Il progetto nasce dall’analisi condotta nell’ambito del Piano Generale del Traffico Urbano, il cosiddetto PGTU, che ha individuato nel tratto Matteotti-Buozzi una delle principali criticità della mobilità cittadina. Si tratta di un’arteria fondamentale, che collega il comparto nord orientale della città con l’astigiano, percorsa quotidianamente da un flusso intenso di veicoli che spesso genera code, rallentamenti e situazioni di disagio per automobilisti e residenti. Il Sindaco Alessandro Sicchiero ha illustrato con chiarezza le motivazioni che hanno spinto l’amministrazione ad agire in questa direzione.
I problemi legati a questo asse viario non riguardano soltanto i tempi di percorrenza, ma hanno ricadute concrete sulla qualità della vita di chi abita nelle zone circostanti. L’inquinamento atmosferico e acustico, accentuato dalla presenza dei nodi semaforici, si ripercuote negativamente su un’ampia porzione del tessuto urbano, coinvolgendo strade come via Bogino, via Vittorio Emanuele II, viale Fasano e il crocevia del Murè. Una situazione che l’amministrazione non poteva più ignorare e che ha richiesto un intervento strutturato e tecnologicamente avanzato.

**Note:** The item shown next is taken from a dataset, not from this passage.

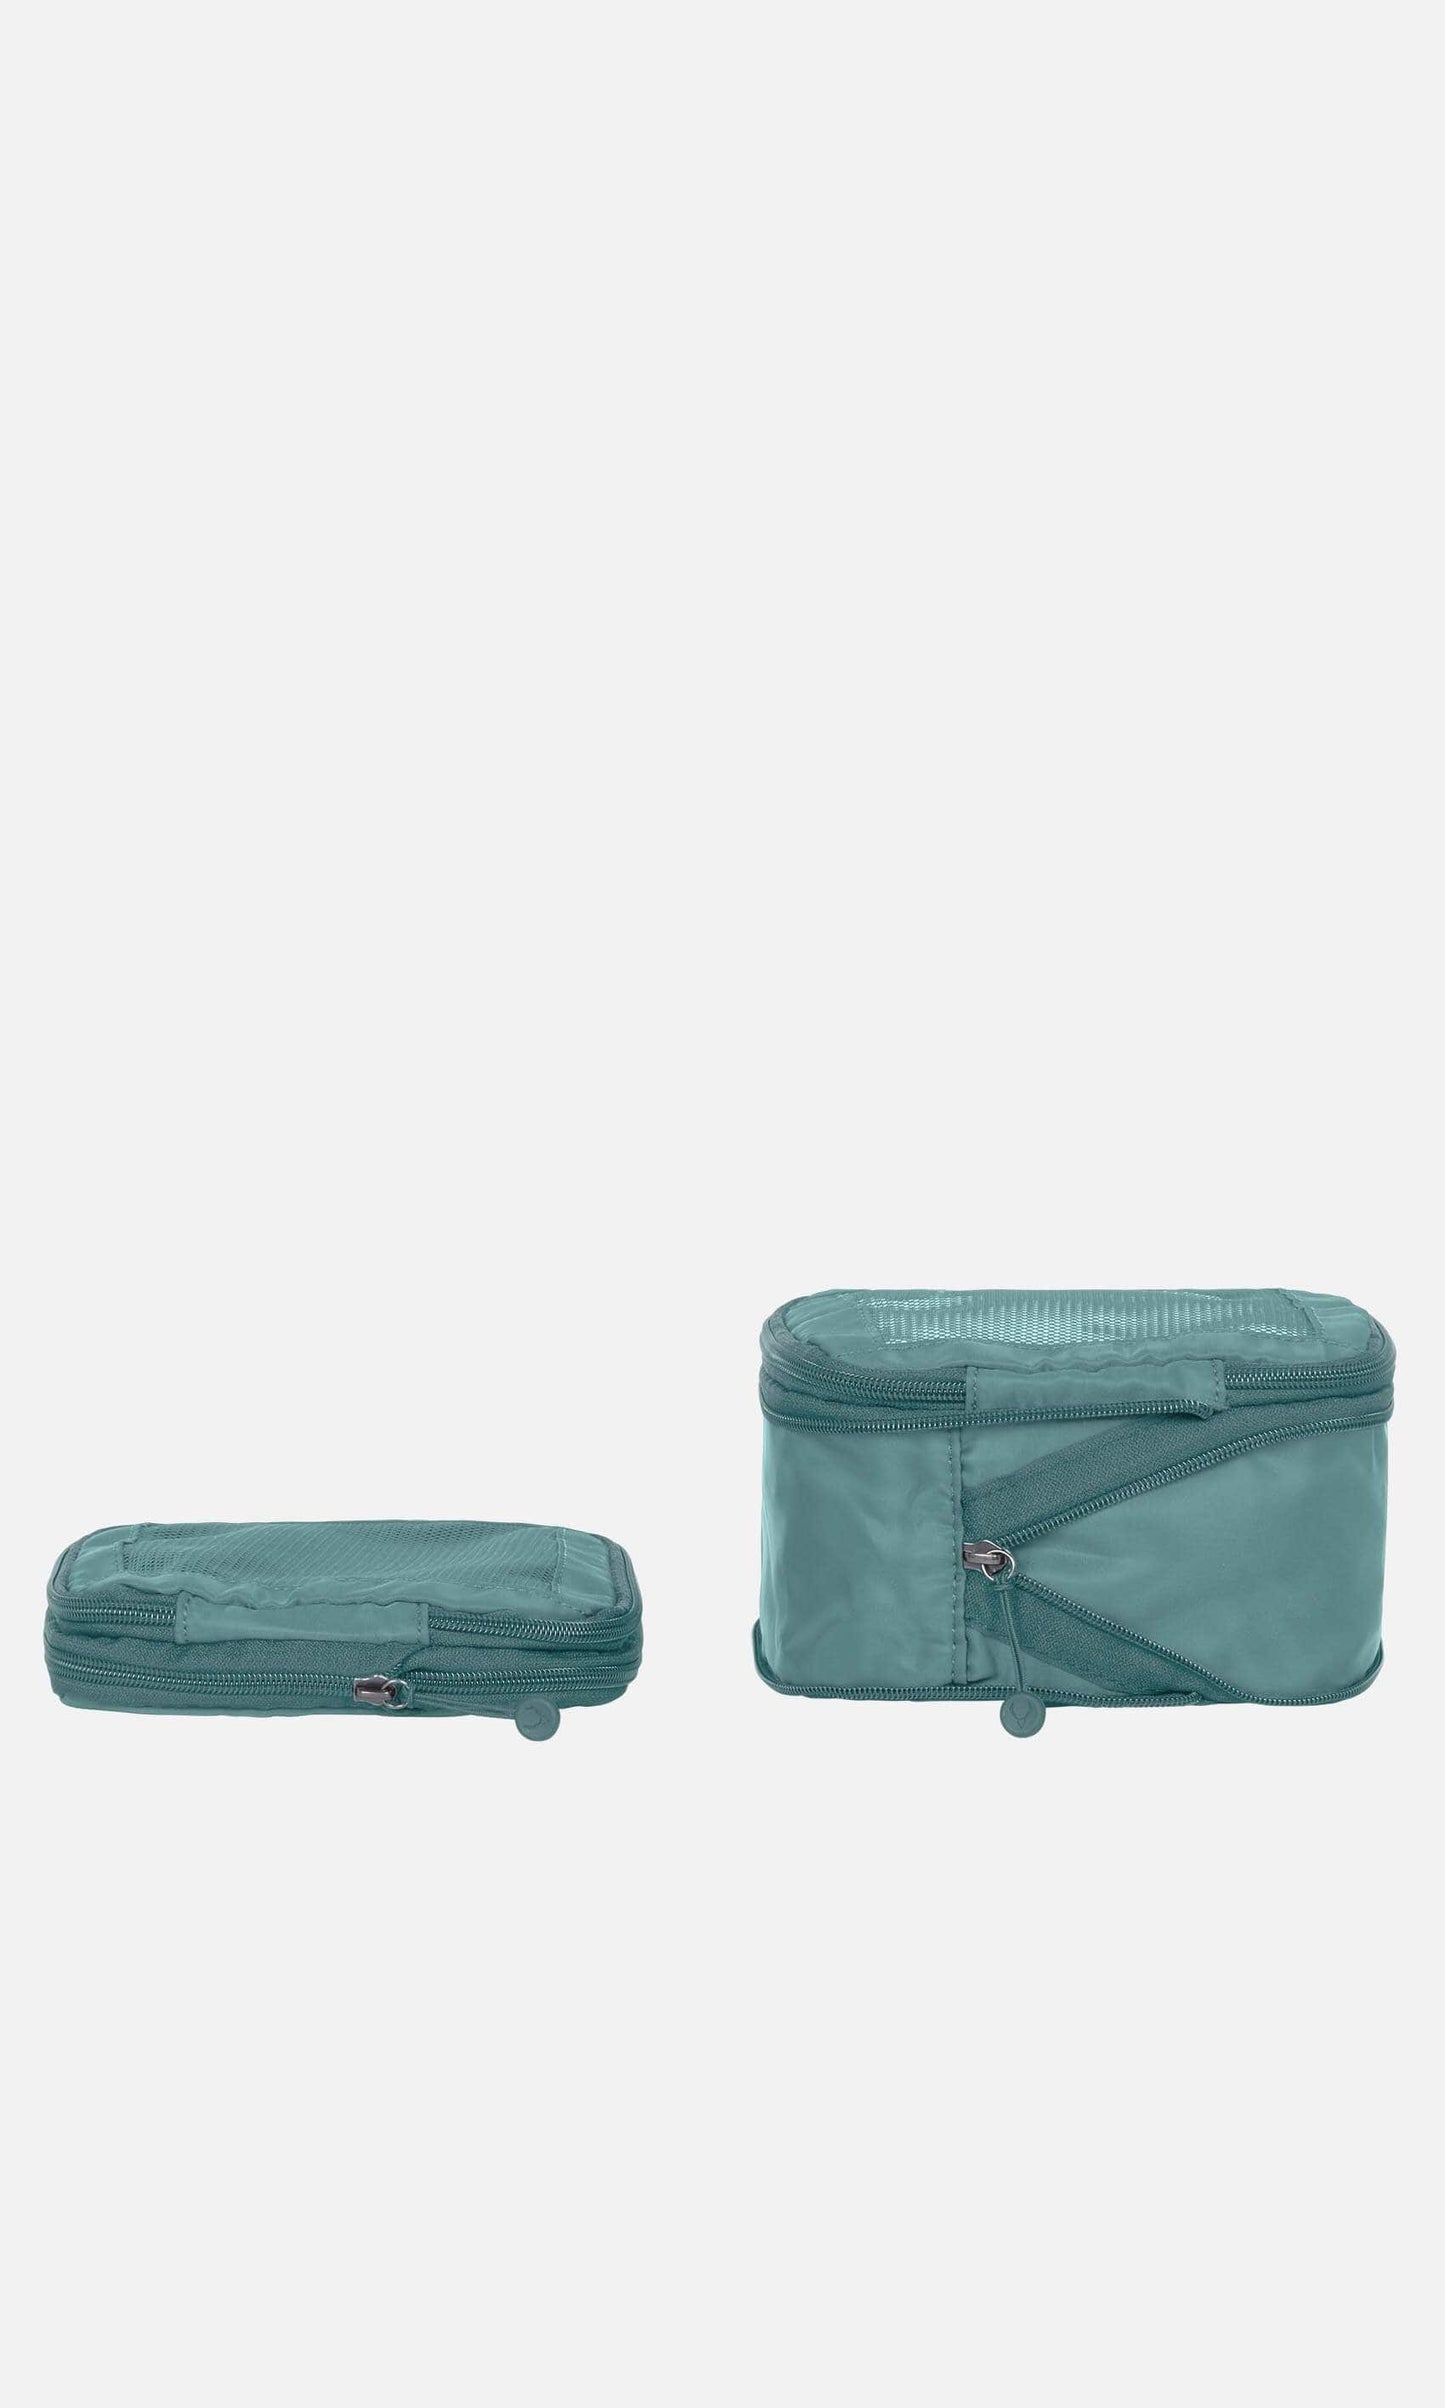 Antler Luggage -  Chelsea 4 packing cubes in mineral - Accessories Chelsea 4 Packing Cubes Mineral (Blue) | Travel Accessories | Antler UK

Il progetto prevede l’installazione dei nuovi semafori intelligenti in punti strategici di entrambi i corsi. Su Corso Matteotti, gli interventi riguarderanno le intersezioni con via Garibaldi, via Buttigliera e via Bogino, mentre su Corso Buozzi saranno coinvolte le intersezioni con Strada Valle Pasano, via Fratelli Giordano e il relativo innesto con via Fiume. Una rete capillare di impianti che lavorerà in sinergia per ottimizzare la circolazione sull’intero asse viario, con benefici che si estenderanno anche alle strade limitrofe.
Il cuore di questo intervento è la tecnologia “dinamica” che caratterizza i nuovi impianti semaforici. A differenza dei tradizionali semafori a ciclo fisso, questi dispositivi saranno in grado di adattarsi in tempo reale alle condizioni del traffico, modulando autonomamente la durata delle fasi verde, giallo e rosso in base ai dati raccolti dai sensori. Potranno inoltre comunicare tra loro, creando una rete coordinata capace di gestire i flussi veicolari in maniera integrata e intelligente, riducendo i tempi di attesa e migliorando la fluidità della circolazione.
L’impatto atteso di questa innovazione è significativo non solo per chi percorre abitualmente Corso Matteotti e Corso Buozzi, ma per l’intera mobilità urbana. Uno dei problemi più insidiosi che l’amministrazione intende affrontare è il cosiddetto traffico di mero attraversamento, ovvero quello generato da veicoli che utilizzano le strade cittadine semplicemente come scorciatoia, contribuendo alla congestione senza alcun reale legame con il territorio. Grazie alla maggiore efficienza del tratto principale, ci si aspetta una riduzione di questo fenomeno e un conseguente alleggerimento del carico sulle vie secondarie.
Parallelamente al progetto dei semafori intelligenti, la Giunta ha anche approvato un aggiornamento al PGTU che riguarda via Don Gnocchi, nel cosiddetto Comparto Est. Nel 2023 era stata disposta l’inversione del senso di circolazione in quella strada, una misura pensata per tutelare la sicurezza di studenti e pedoni, ma che nel tempo ha creato difficoltà di accesso ai residenti. Raccogliendo le loro segnalazioni, l’amministrazione ha deciso di introdurre un correttivo: il divieto di transito per i non residenti, mantenendo però il doppio senso alternato con precedenza verso Corso Matteotti per chi abita nella zona. Un esempio concreto di come l’ascolto dei cittadini possa tradursi in scelte amministrative più equilibrate e condivise.